When the query optimizer compiles a query plan requiring statistics, the statistics are automatically updated if they are detected as being out of date. Statistics are deemed as being out of date for a variety of reasons, primarily when a certain percentage of rows have been modified since the statistics were last updated. In such an event, the statistics are updated in line; that is, the query compilation pauses, waiting for the statistics update to complete. Such events, which can be confirmed using a SQL Profiler trace containing the Auto Stats event, may lead to occasional, unpredictable query performance, a situation that sometimes leads to DBAs switching off the automatic statistic options in a bid for more predictable query performance.

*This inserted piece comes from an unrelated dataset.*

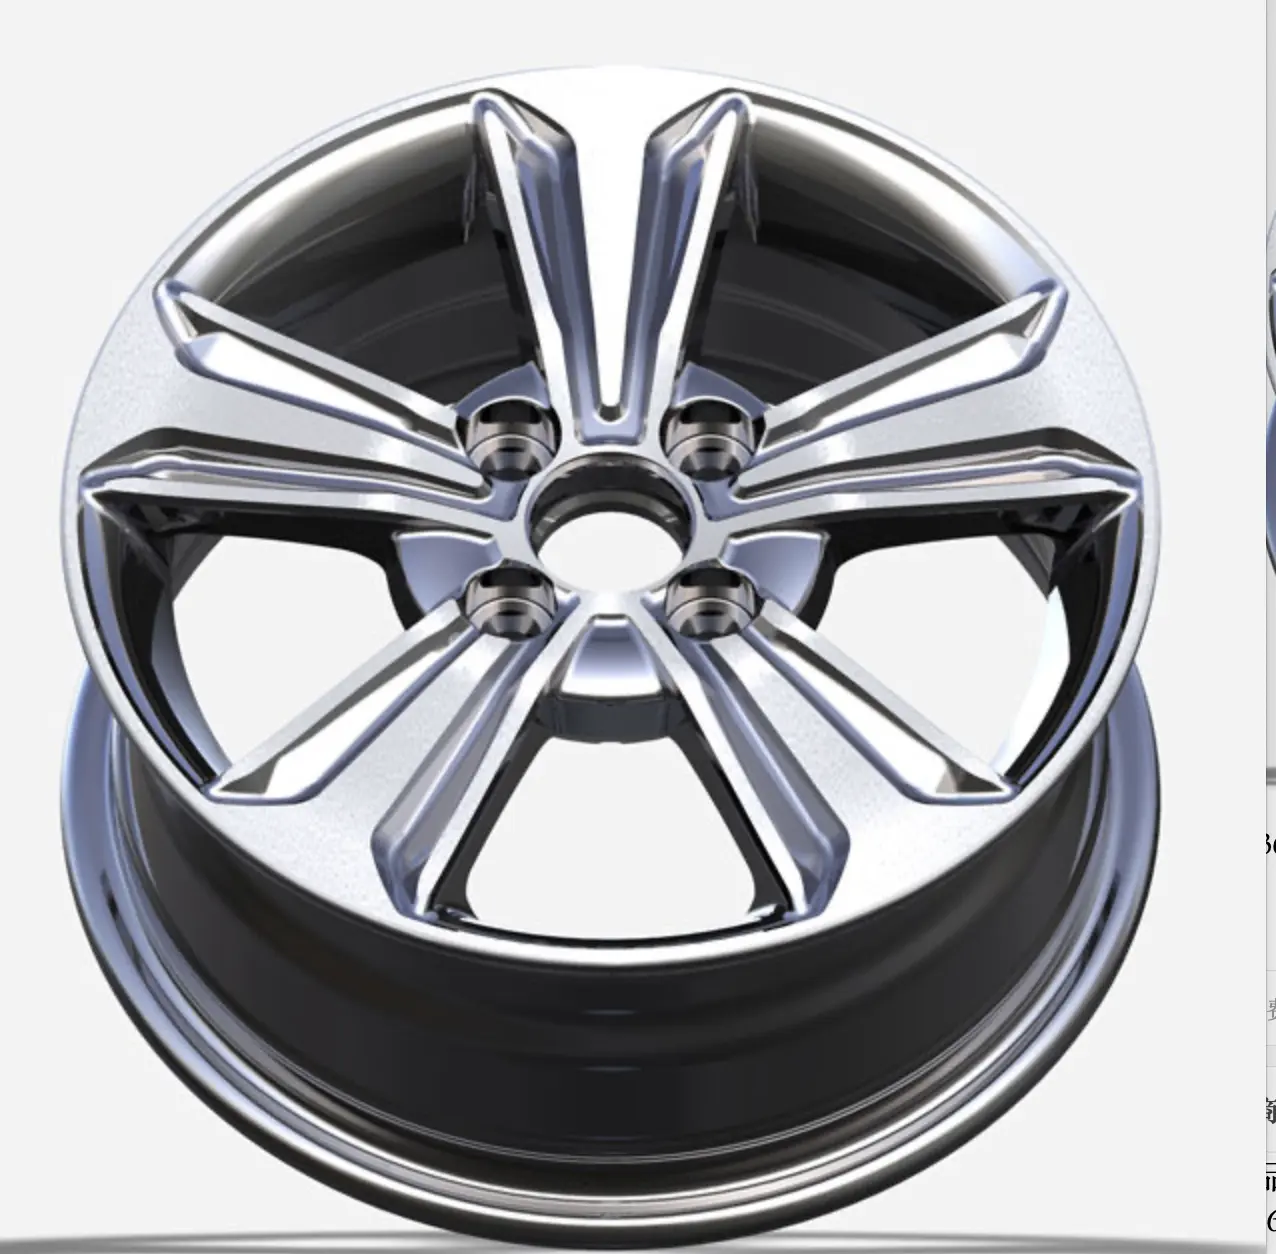 [For Hyundai] 14 15 16 Inch 4*100 Passenger Car Alloy Wheel Rims For Centennial Coupe Sonata NF Elantra Equus Santa Fe Tucson Jerry Huang
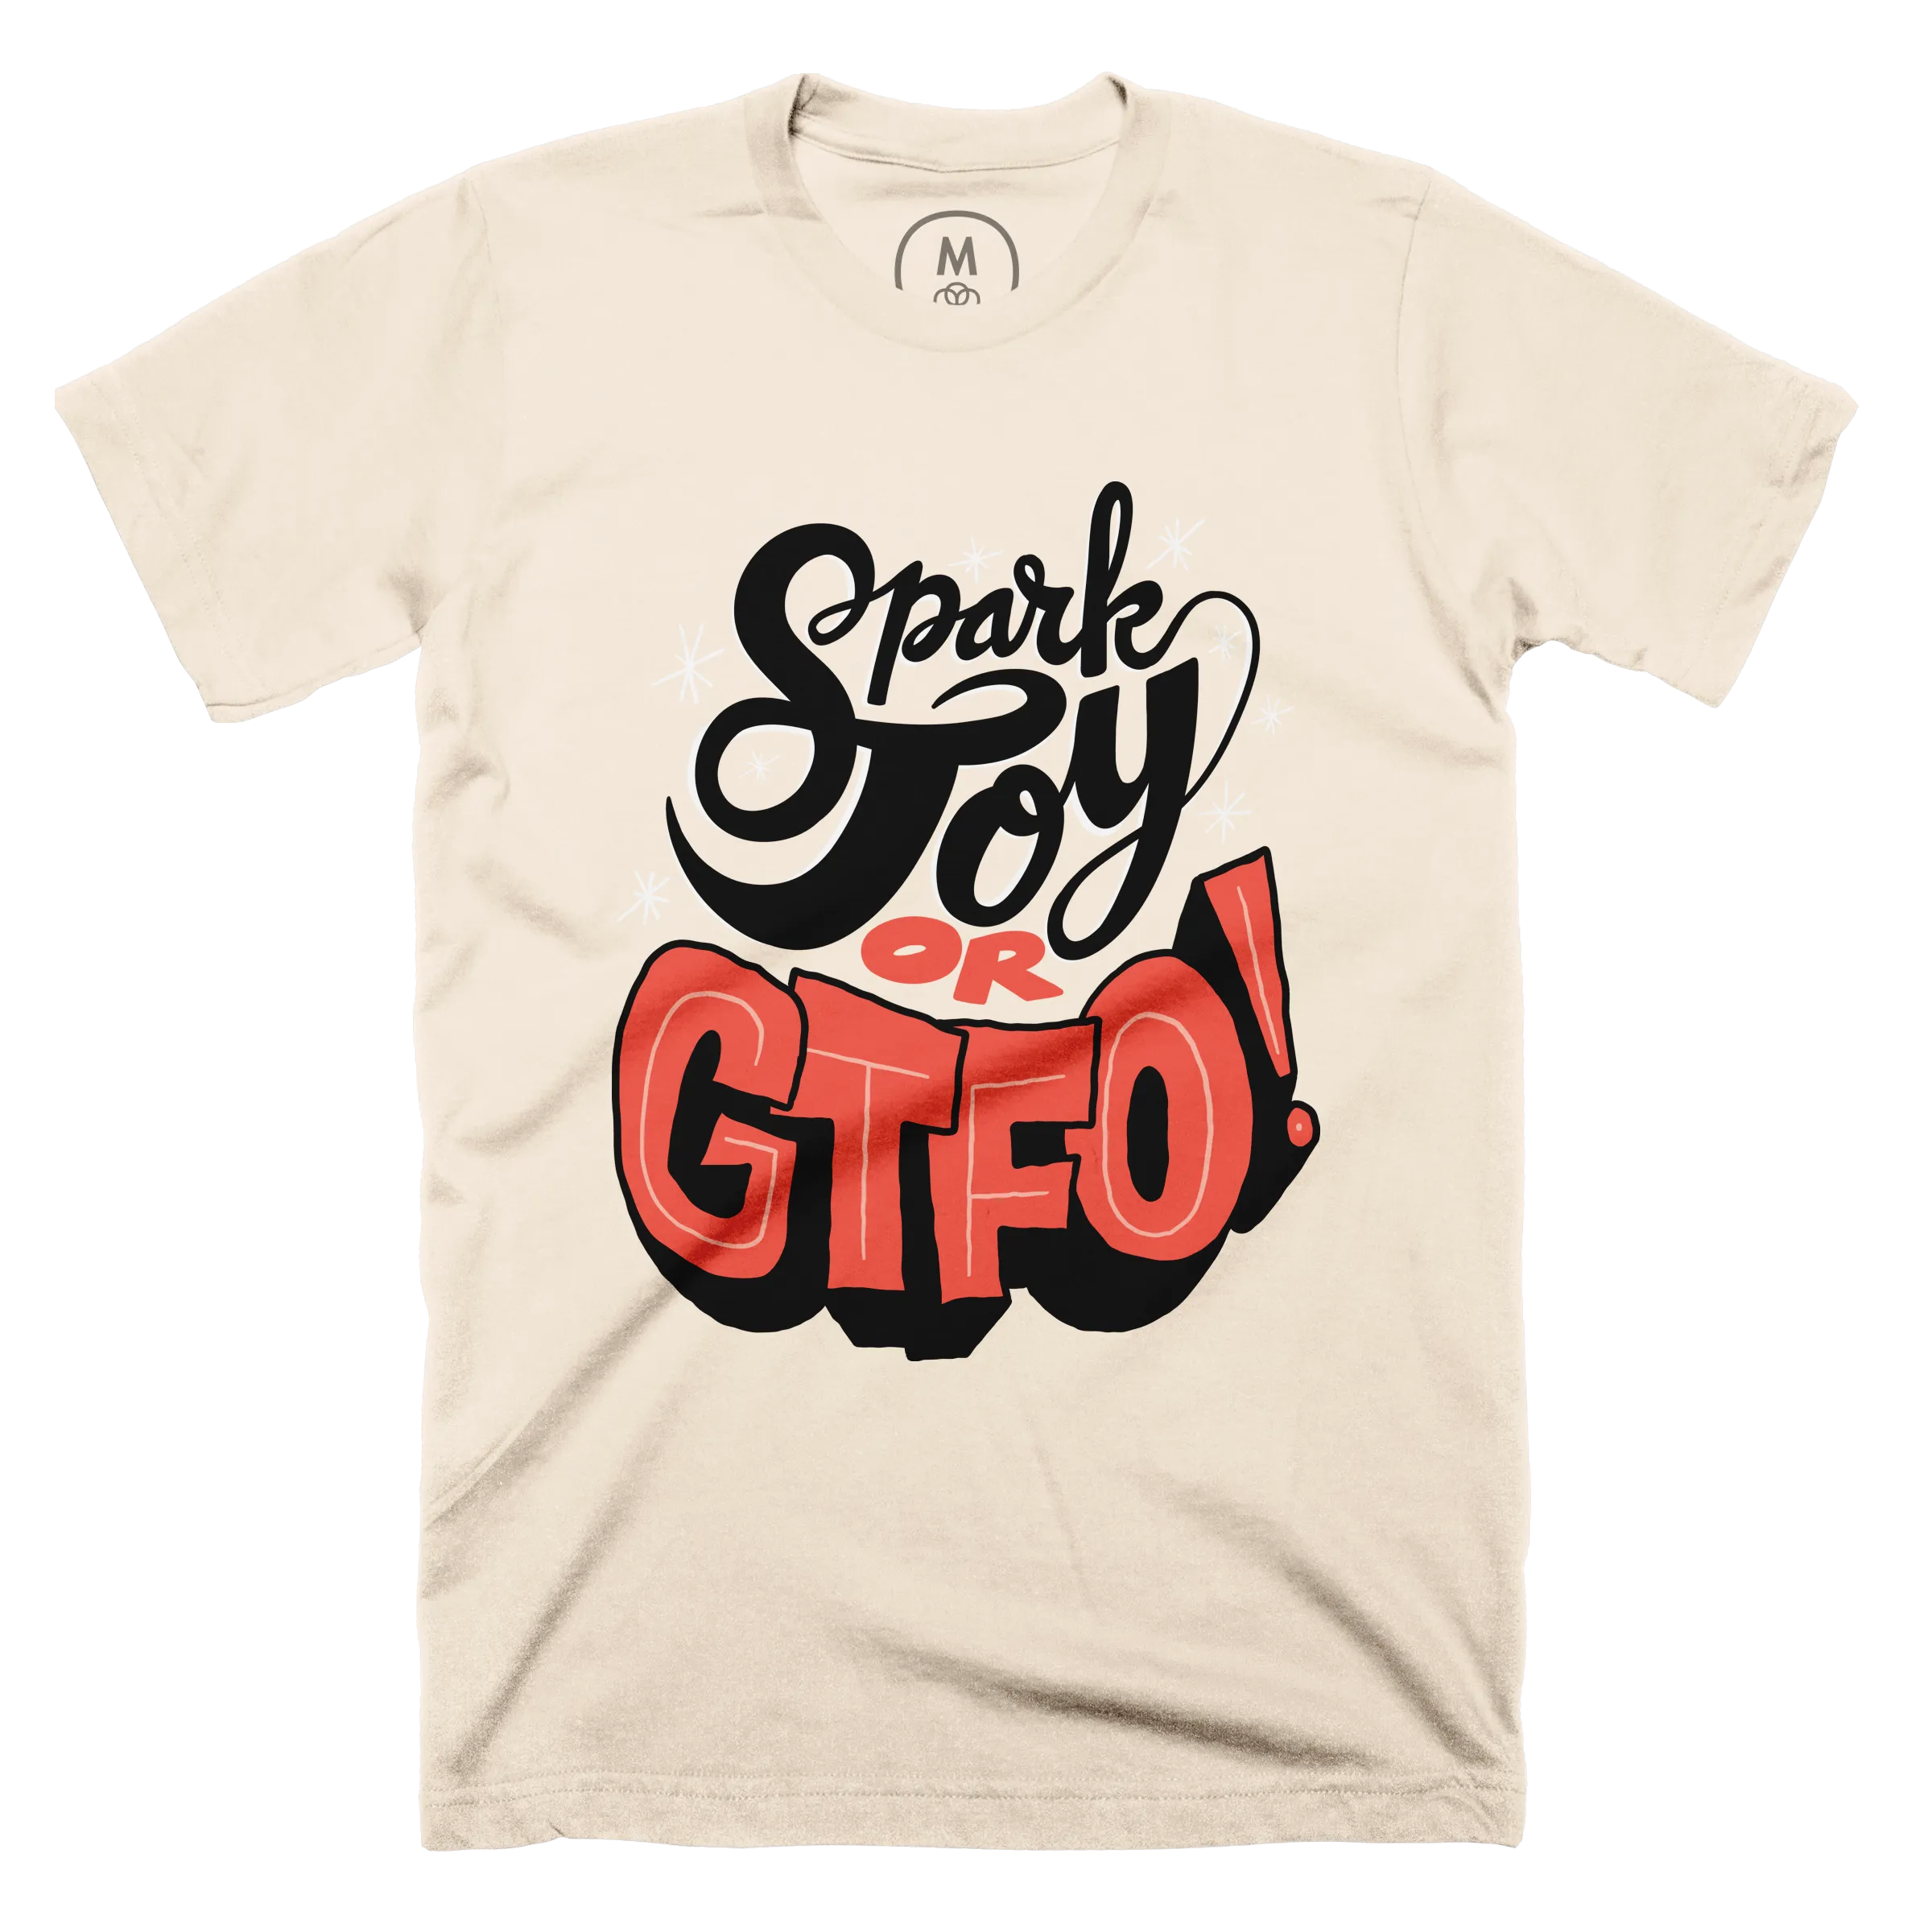 GTFO” graphic tee, pullover hoodie, tank, zip-up hoodie, and

Figure 13.21. The default setting for Auto Create Statistics and Auto Update Statistics should remain in place for almost all database implementations.

While automatic statistic events may result in an occasional query execution delay, the benefit of automatic statistics maintenance must be considered, particularly its advantage of avoiding poor query plans based on old statistics. The alternative of hand-crafting customized statistics is simply far too time consuming and inaccurate for all but the most specialized of cases.

Fortunately, a compromise setting was introduced in SQL Server 2005. The Auto Update Statistics Asynchronously option, set using the database property shown earlier in figure 13.21, will trigger automatic statistic update events asynchronously; that is, a query compilation will not wait on the new statistics and will proceed with the old, with subsequent queries benefiting from the newly updated statistics. Using this setting is a trade-off between the most accurate query plan and predictable query performance.

In addition to creating and maintaining indexed column statistics, SQL Server creates and maintains statistics on nonindexed columns. Such statistics are called column statistics.

13.5.2. Column statistics

Along with index statistics, you can view column statistics in SQL Server Management Studio, as shown in figure 13.22. Column statistics are named with a _WA_Sys prefix.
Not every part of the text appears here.